Раздумывали мы долго, но все-таки решили жить, сколько велит Господь. И очень, очень надеялись, что Он даст нам дожить до нашей бриллиантовой свадьбы (официально мы были зарегистрированы 9 апреля 1948 года), естественно, желая отметить наш шестидесятилетний юбилей, получив все официальные и неофициальные поздравления и даже шесть тысяч на мелкие расходы к столу. Но почему-то совсем забыли (почему!? Почему?!) об истинном дне нашей состоявшейся близости.
Когда это случилось? Да в тысяча девятьсот сорок седьмом году, но не весной — вечной сообщницей влюбленных, а зимой, почти накануне дня рождения Юры (вполне возможно, 26 декабря). А уж когда в день его рождения 28 декабря сорок седьмого года я подарила ему бритвенный прибор со сделанной на нем гравировкой: «Дорогому Юрке, Лиля. 28.XII.47 г.», Юра был несколько смущен, ведь он еще не брился, а его мама — моя будущая свекровь — сказала: «Ну, все ясно! Дети выросли и любят друг друга. Им надо расписаться, как только Юре исполнится восемнадцать».
Да, мы забыли о самом главном дне нашей жизни и ждали официальной даты регистрации этого события.

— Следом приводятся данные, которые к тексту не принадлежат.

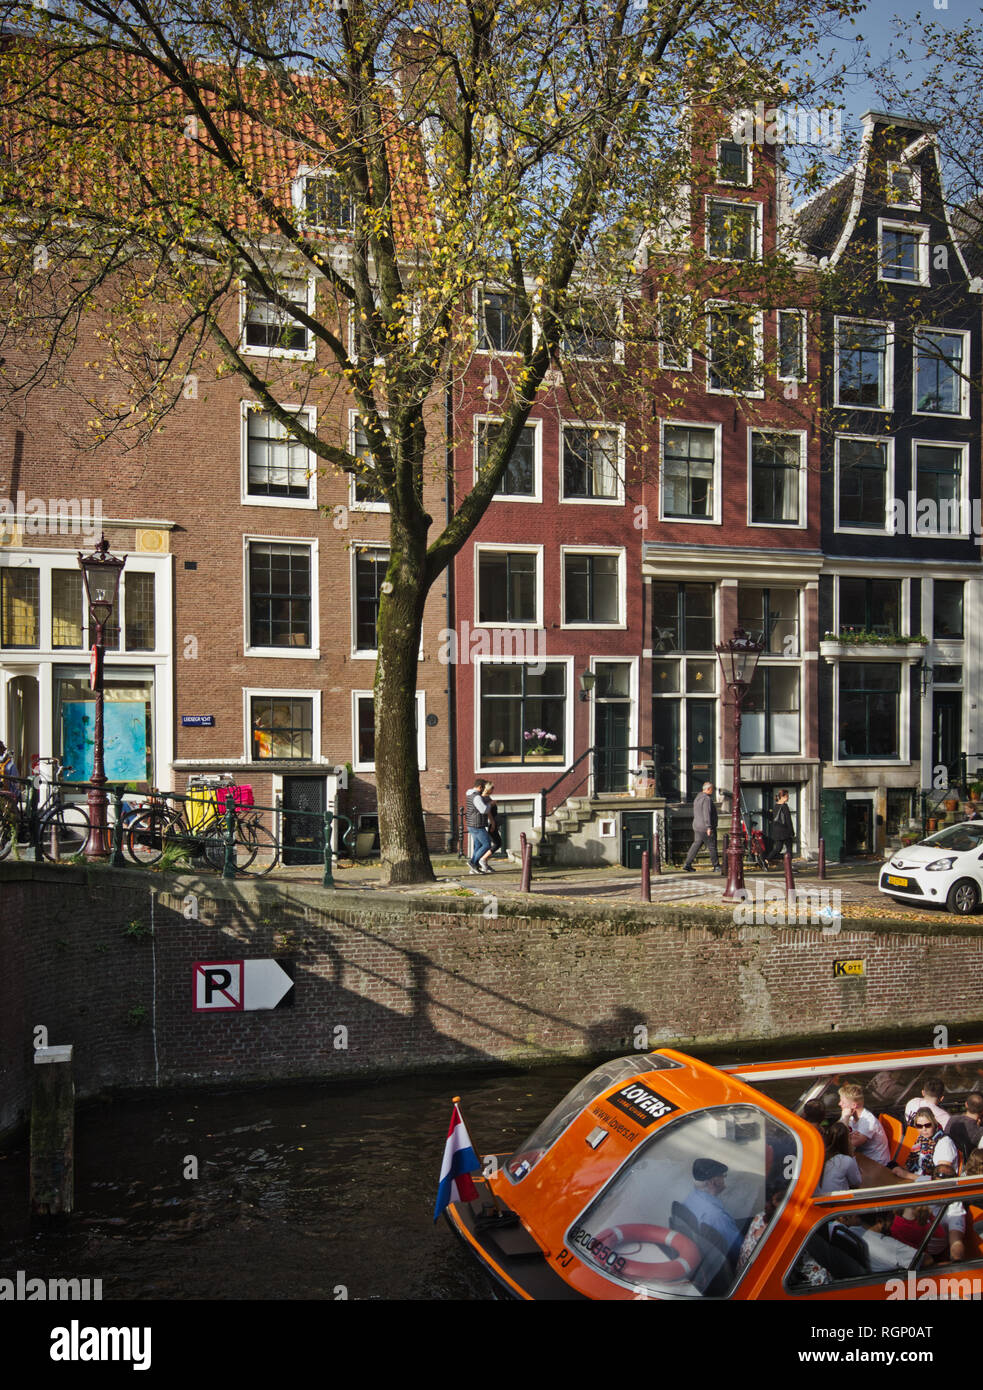 Croisières sur les canaux et les amoureux de l'architecture typique des Pays-Bas, Amsterdam, Pays-Bas Banque D'Images

А Господь Бог не забыл. И, вняв моей просьбе (а вернее, мольбе), дал нам дожить вместе до нашего негласного юбилея и подарил нам к этой знаменательной дате еще один месяц жизни вдвоем.
Юра умер двадцать шестого января 2008 года, не дожив почти два года до своего восьмидесятилетия.
XVII
Так вот, семья Юрия Кафенгауза — мальчика, с которым я познакомилась на уроках бальных танцев в седьмой мальчишеской школе, проживала на Большой Якиманке в двух комнатах большой коммунальной квартиры, некогда целиком занимаемой семейством Кафенгаузов. Обстановка дома была предельно скромной: все только самое необходимое, включая старый дубовый письменный стол, жесткое рабочее кресло и мягкое для отдыха. И книги, книги, книги повсюду: на полу, на столе, на открытых струганых полках возносящихся к потолку стеллажей. И картины, картины, картины (все, как одна, без рам) трех сестер: Людмилы Андреевны Прудковской, Тамары Андреевны Кафенгауз и Надежды Андреевны Удальцовой. Картины Удальцовой занимали целую стену.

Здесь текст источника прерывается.